Aeropostale filed with the U.S. Bankruptcy Court a complaint against Hilco Merchant Resources, Gordon Brothers Retail Partners and Aero Opco (Defendants).
Aeropostale argues, “Plaintiffs bring this action to obtain an order directing Defendants to turnover $1,335,471.84, the amount of a vendor deposit made by the Debtors to Star Fancy Holdings in July 2016 as a prepayment for certain goods, that Defendants are wrongfully withholding from the estates. On September 13, 2016, shortly after the Debtors paid the Deposit to Star Fancy, the Court approved the sale of substantially all of the Debtors’ business to Aero OpCo (the ‘Sale’).”

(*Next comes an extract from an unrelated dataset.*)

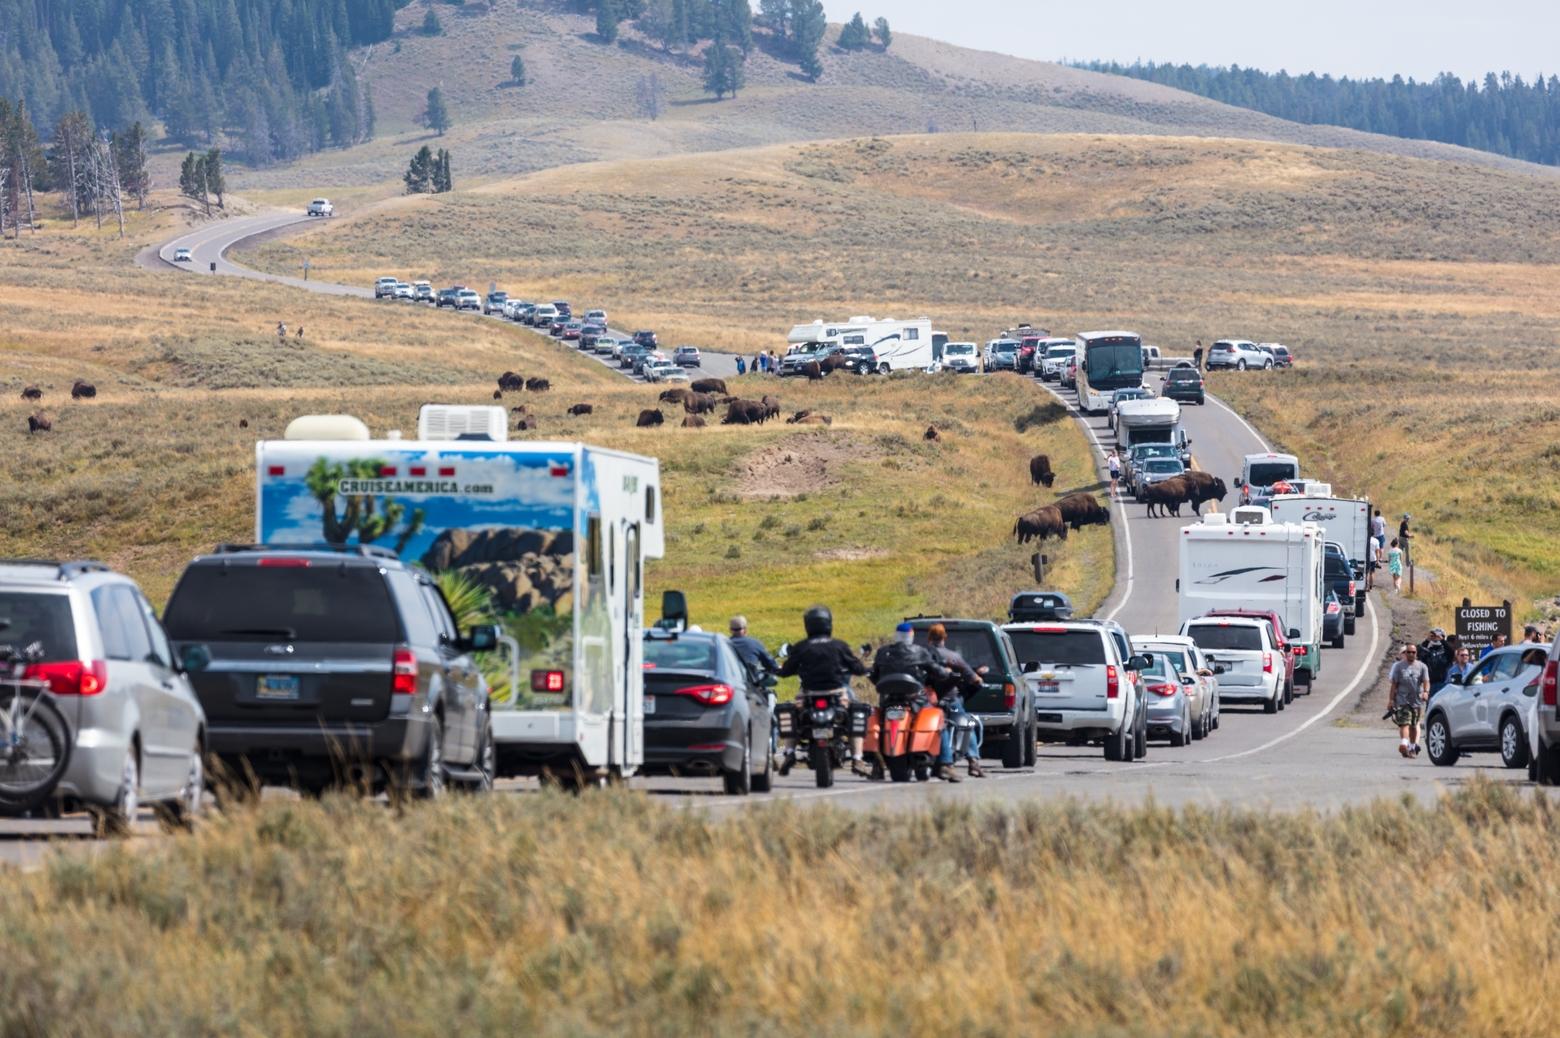 The National Park Service has experience trying to find a better balance between the needs of wildlife and people, Wuerthner says. But studies show that national parks are not large enough to preserve wildlife and ecological processes. Even Yellowstone needs to be able to breathe, as shown here in Hayden Valley, when congestion clogs some of its arteries. Photo courtesy Jacob W. Frank/NPS

In addition, “In connection with the Sale, the Debtors and Aero OpCo designated a joint venture composed of Hilco and GB to serve as their exclusive Agent for purposes of selling certain inventory including that which was subject to open purchase orders at the time of the Sale, including the goods that the Debtors purchased from Star Fancy. Vendor deposits, like the Star Fancy Deposit, were expressly excluded from the Sale. Under the terms of the Purchase Agreement and Agency Agreement, the Agent, upon delivery of goods subject to a vendor deposit paid by the Debtors, is required to reimburse the Debtors for the full amount of the vendor deposit. In October 2016, Star Fancy delivered the goods subject to the Debtors’ prepayment Deposit, thus triggering the Agent’s obligation to reimburse the Debtors for the Deposit. The Debtors promptly demanded that the Agent turn over the full amount of the Deposit to them. The Agent has refused to do so.”